EXERCISE PROMPT: Begin at the line with "15 georgia hill" and set down each line exactly until the listing ends. Images stay out.

PROVIDED DATA:

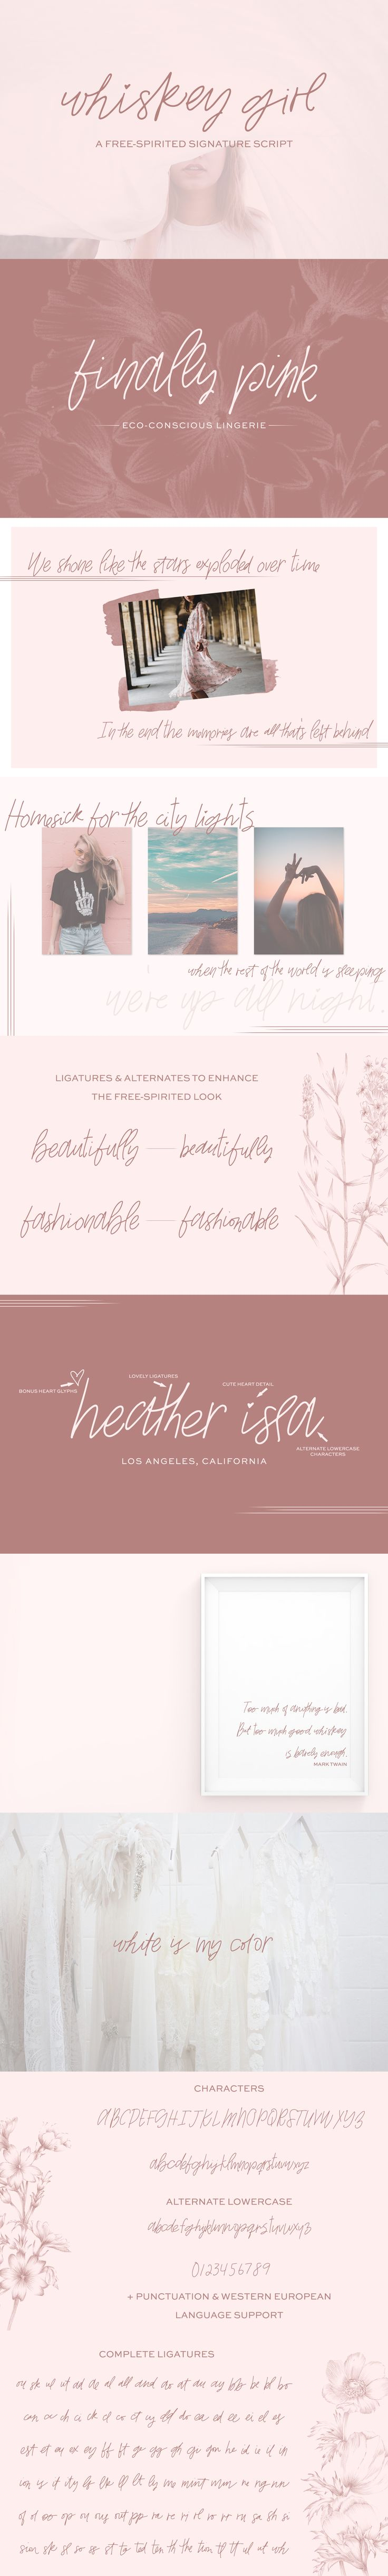 Whiskey Girl, handwritten script font - luxury font, fashion font, handwriting font
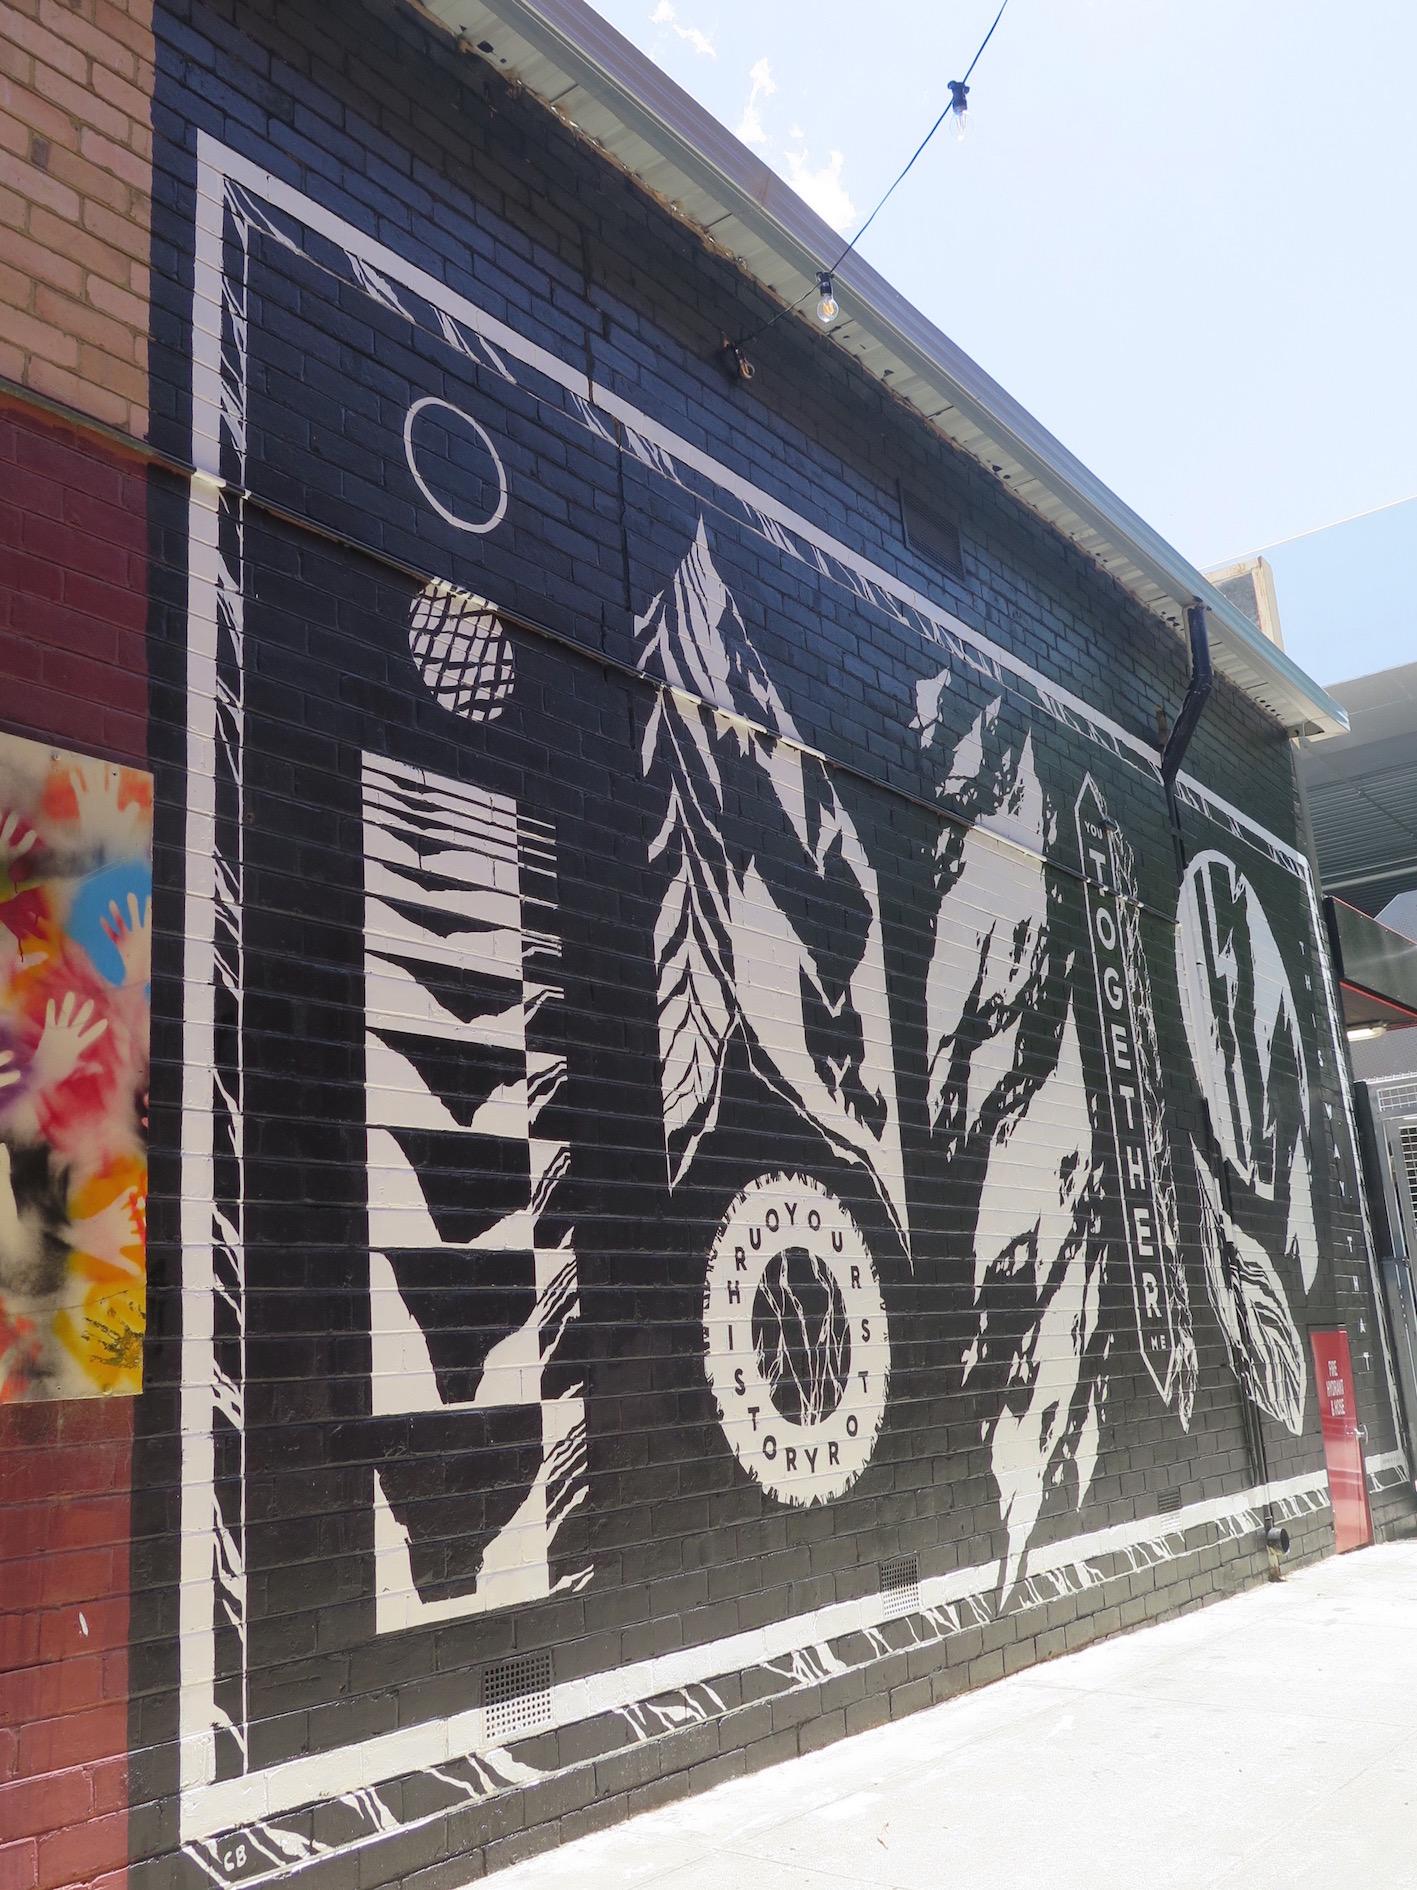 deansunshine_landofsunshine_melbourne_streetart_graffiti_eastland urban art project 15 georgia hill
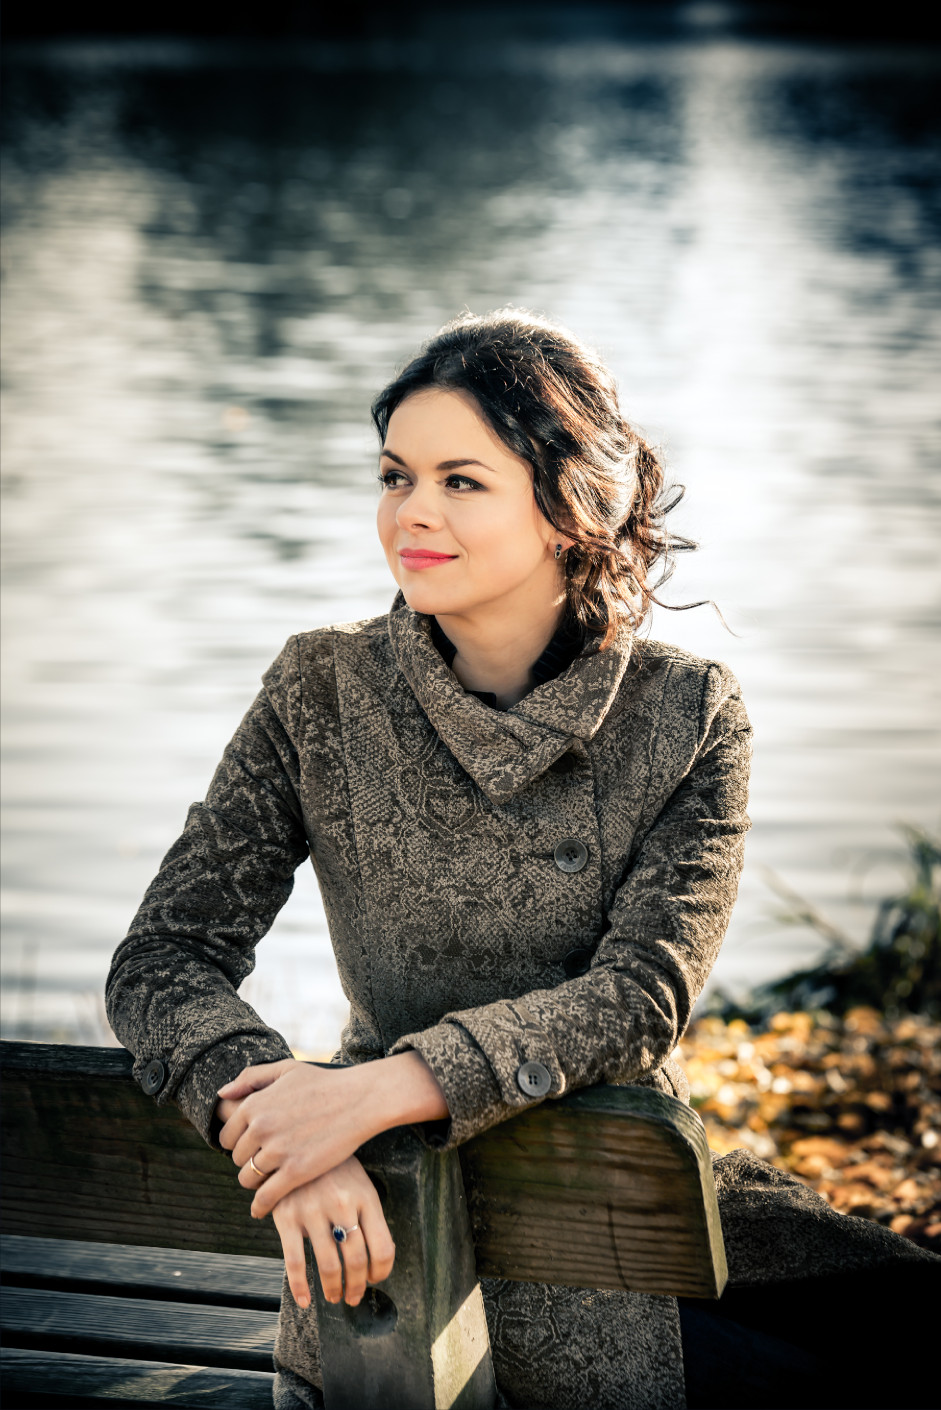 Nadezhda  Karyazina - Picture nr #21
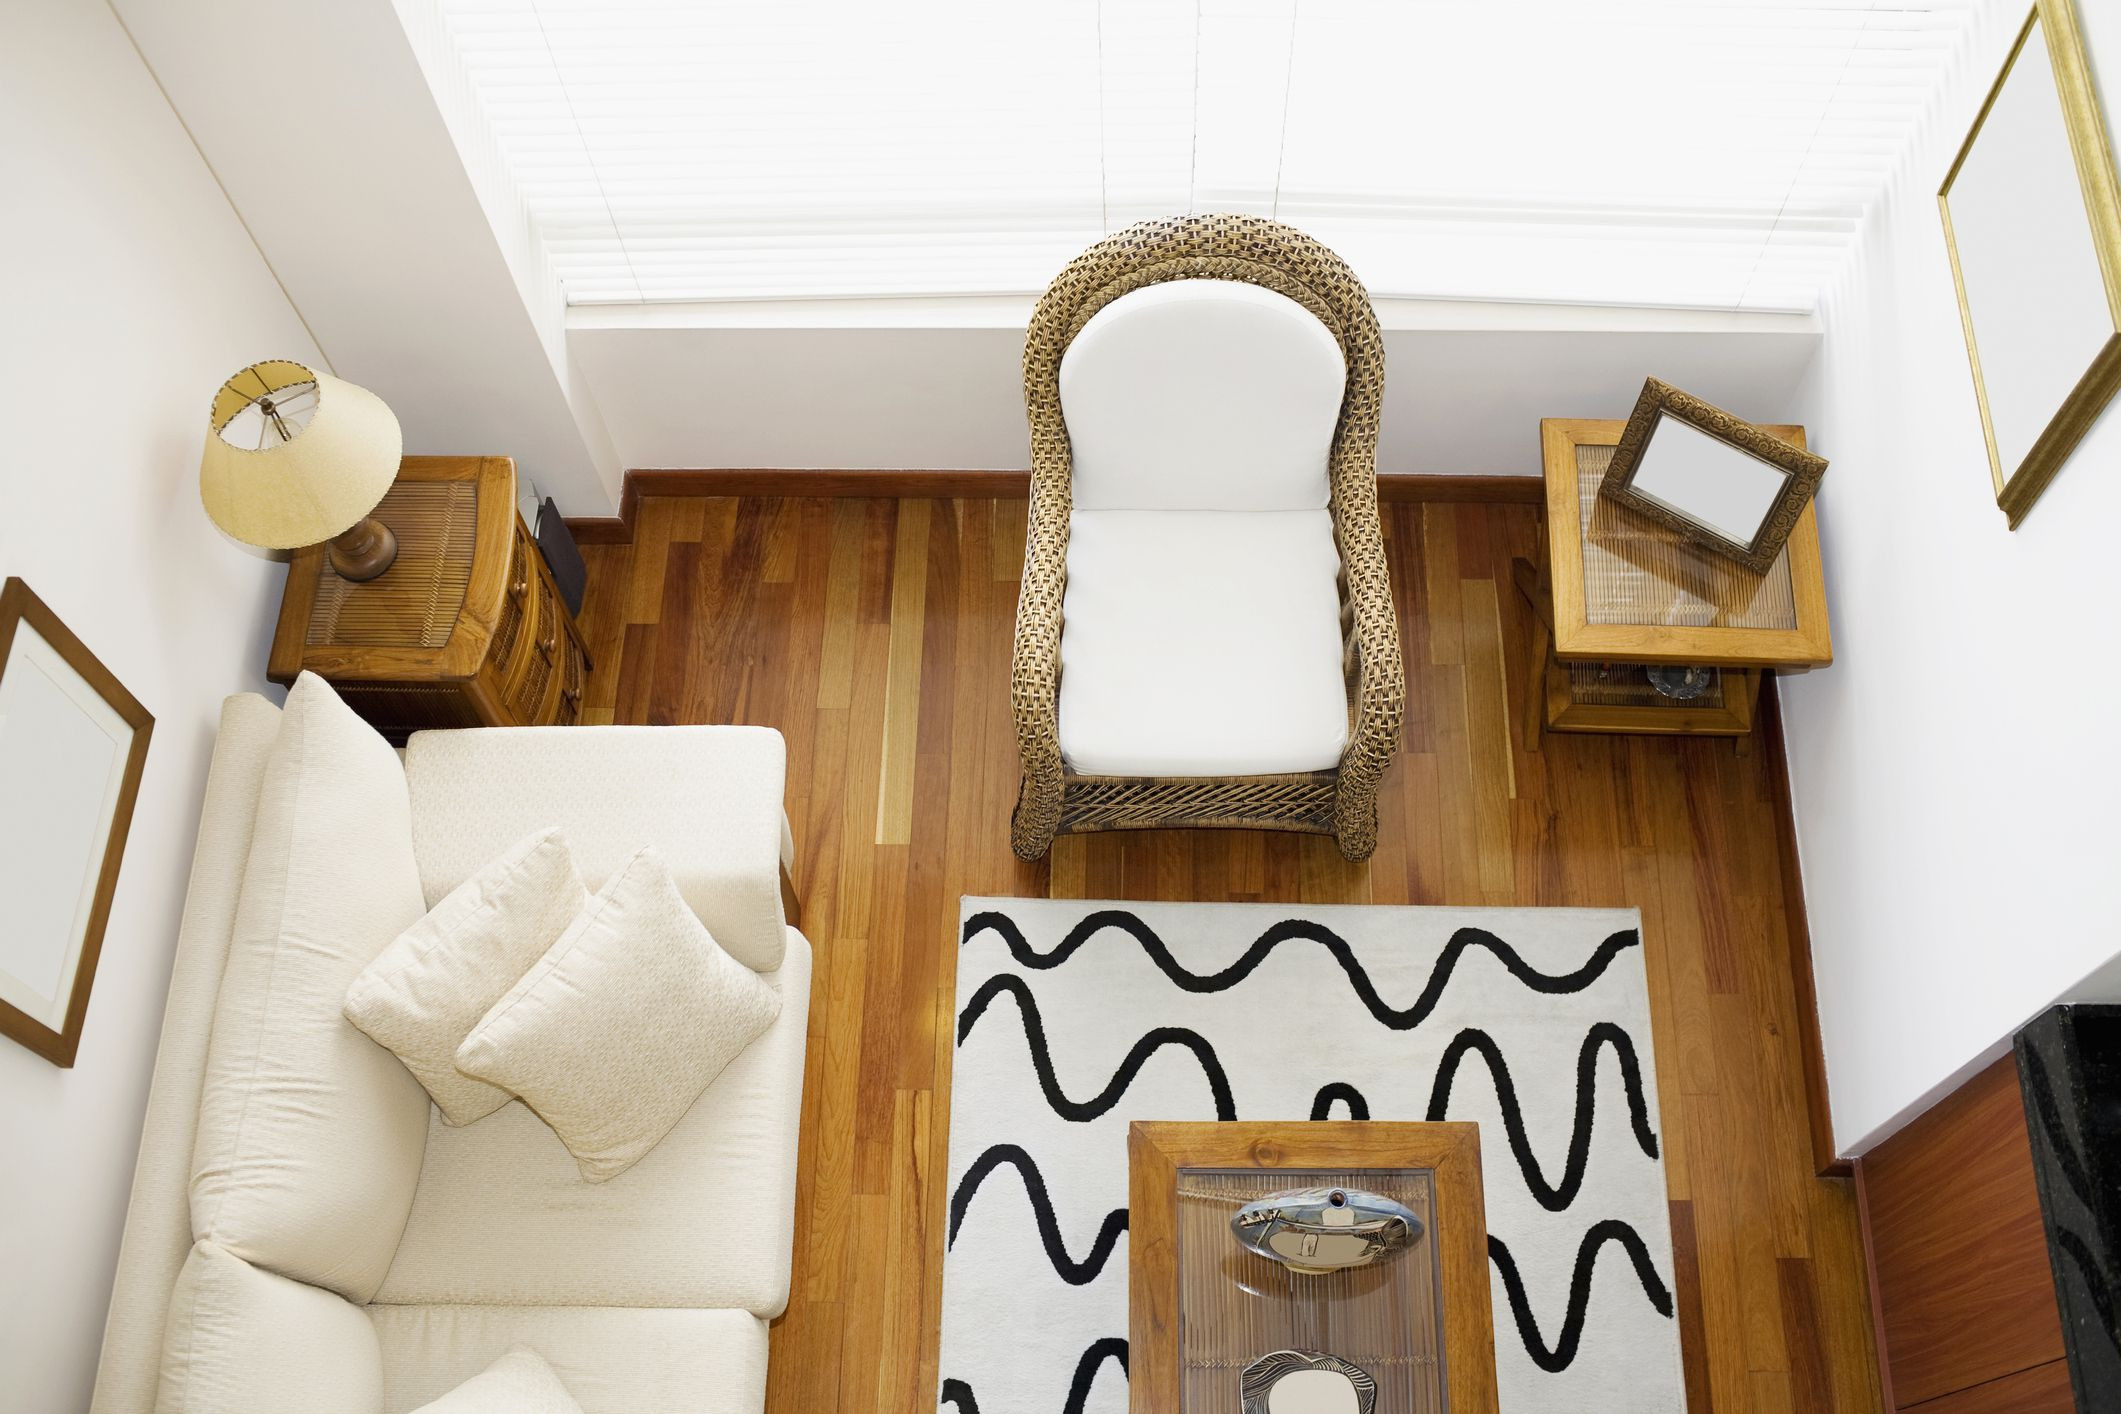 hardwood floor sofa protector of stop putting hardwood floors in every room with 1480712606 hardwood floor rug

TASK OUTPUT:
 deansunshine_landofsunshine_melbourne_streetart_graffiti_eastland urban art project 15 georgia hill
 Nadezhda  Karyazina - Picture nr #21
 hardwood floor sofa protector of stop putting hardwood floors in every room with 1480712606 hardwood floor rug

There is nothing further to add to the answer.